Старшой мой по партии, человек сейчас агромадный, до суда не допустил. Покричал, в рожу влепил по дружбе и сюды отправил на исправление. Душевный человек. Промеж себя мы его звали Н. К. П. С. Никита Кукурузник Парень Свой. А фамилию не скажу. Не доросли. Хвалиться будете. Жидов он не терпит утробно.

— Вот это дельно, — пробурчал Шлыков.

— У него одна установка — продолжал Гребешков: «Сколько, — говорит, — жидов в забое, столько их и на ученых постах», «сколько сталеваров, — столько и студентов».

Я, бывало, чтобы раззадорить его, начинаю возражать: Ты ж, — говорю, — ни одной нации такую норму не ставишь. Зачем, — говорю, требовать, чтоб куры молоком доились, а коровы яйца несли. Горазды жиды в научной хитромудрости. Пусть. Нам же польза.

А он свое: «На общие их работы, и никаких гвоздей. Докажу, — говорит, — что и мы не лыком шиты, не навоз в башке, что сами с усами, что не ноздрей мух бьем. Покажем жидам, где она, падла, кузькина мать. Всех дохлых крыс и завонявшихся кошек на них повесим. Всех блох за пазуху напустим. Народ, курва, привык издавна к тому, что все беды и все ошибки, всю злость людскую на жидов переключают, на них душу отводят. Докажем, блин буду, что не виноват Игнат, что много в деревне хат, а виновата, падла, хата против Игната».

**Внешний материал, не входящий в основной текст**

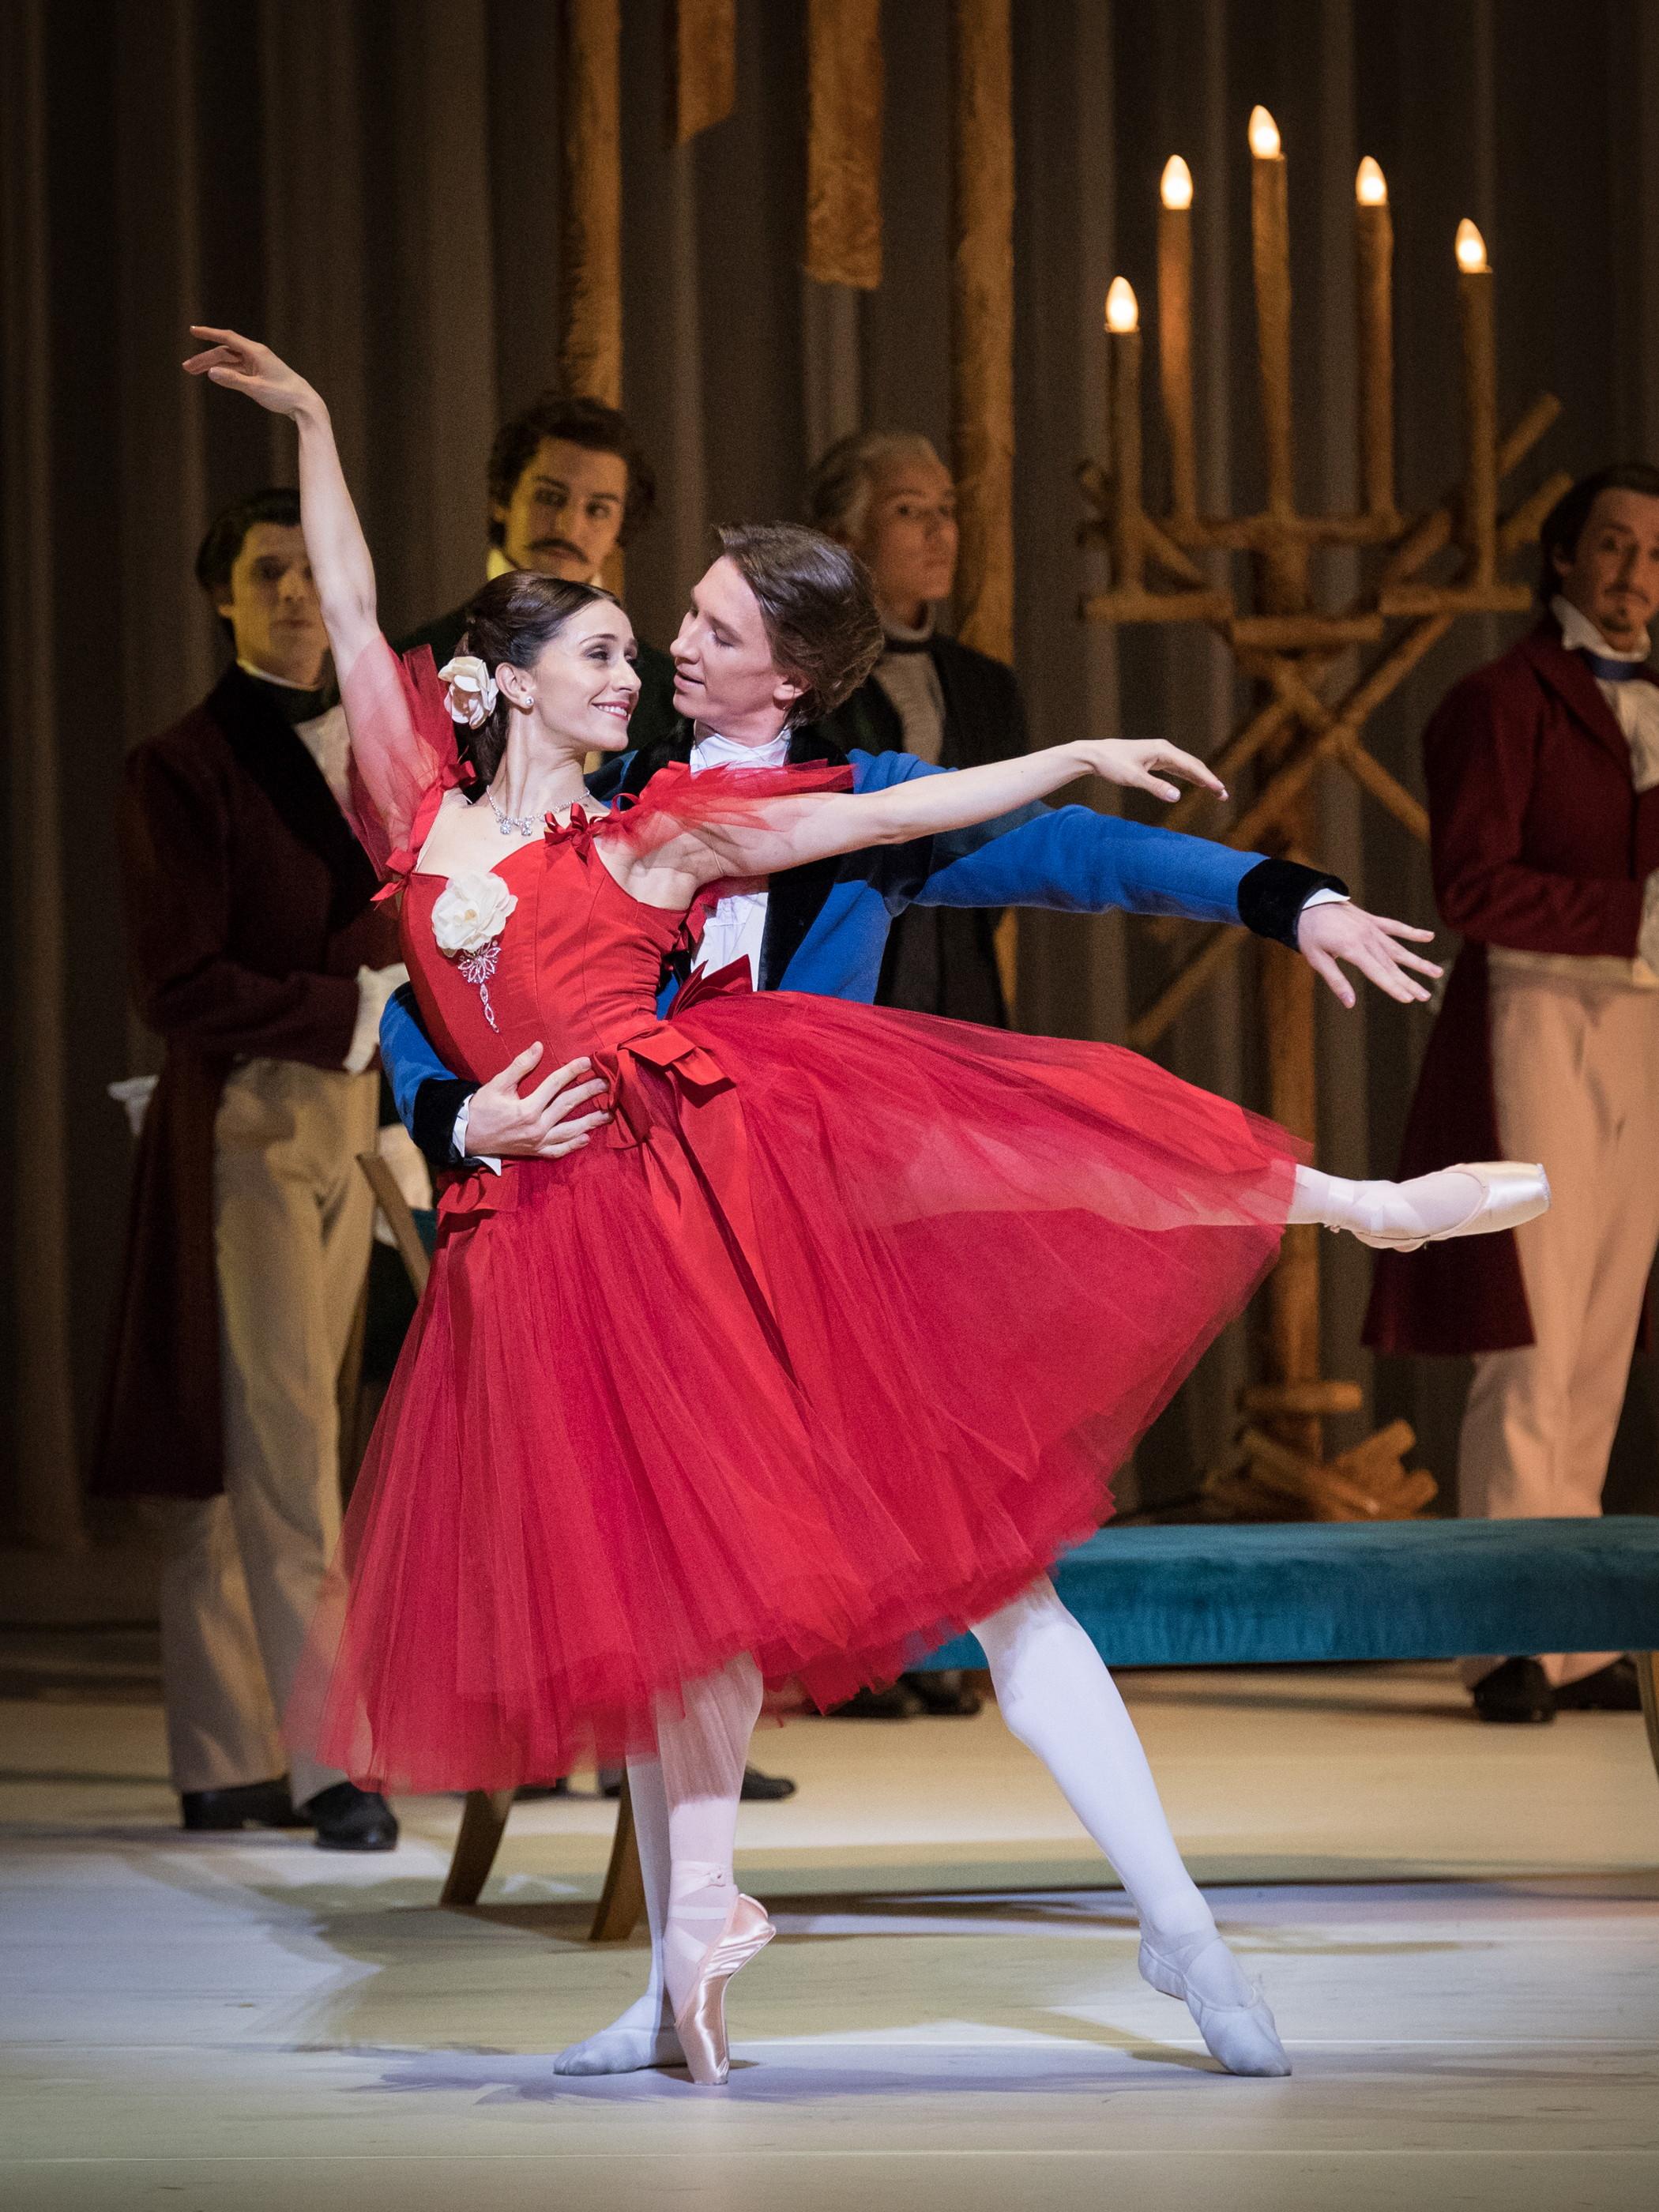 Marianela Nuñez and Vadim Muntagirov. Copyright: Vienna State Ballet/Ashley taylor

Знаю, братцы, докажет, сукин сын. Хитер. Бога за бороду схватил. За словом в карман не лазит: сорок лет ораторствует. Где у демократа-слюнтяя совесть гниёт, там у него срам и бородавки выросли. Оглушит всех трехпалым свистом в бабушку, в печенку, в душу мать. А вид-то! Вид аристократа: не пьян — а водочкой разит завсегда.

— Фан Фаныч, — допытывался Шлыков, — гуторють, что москали дюже с жидами перемешались: в жены жидовок нахватали, в зятья.

— Это, брат, военная хитрость, — лукаво подмигнул Гребешков. — Триста лет татары володели Русью и исчезли. Куда? — В бабьем брюхе пропали. Переварила их утроба русская. Со стоном, хрустом, да бабьим шальным приговором переплавили мы несметные орды. Жидов же походя сглотнем. Песня их спета: не трать кум силы — опускайсь на дно.

За окном лиловел вечерний небосвод. Окна вверху оттаяли. На дворе стояла первая оттепель. Мир томили надежды, тревожные сны и предчувствия.

3

Подстанцию сталеплавильной печи и заводскую лабораторию разделяла кирпичная стена. В этой стене была дверь, которой издавна не пользовались.

В 1950 году, когда помещение канцелярии литейного цеха разделили на несколько комнат, двери сняли для бухгалтерского закутка, а дверной проем заделали фанерой, затем покрасили стены. Позже эту фанеру покрыли разноцветные провода, так, что Пивоваров, начавший работать на подстанции в январе 1953 года, не заметил неоднородности стены и не догадывался, что в прилегающей комнате лаборатории хорошо слышно все, что кричат друг другу люди на подстанции, стремясь быть услышанными в шуме окружающих машин.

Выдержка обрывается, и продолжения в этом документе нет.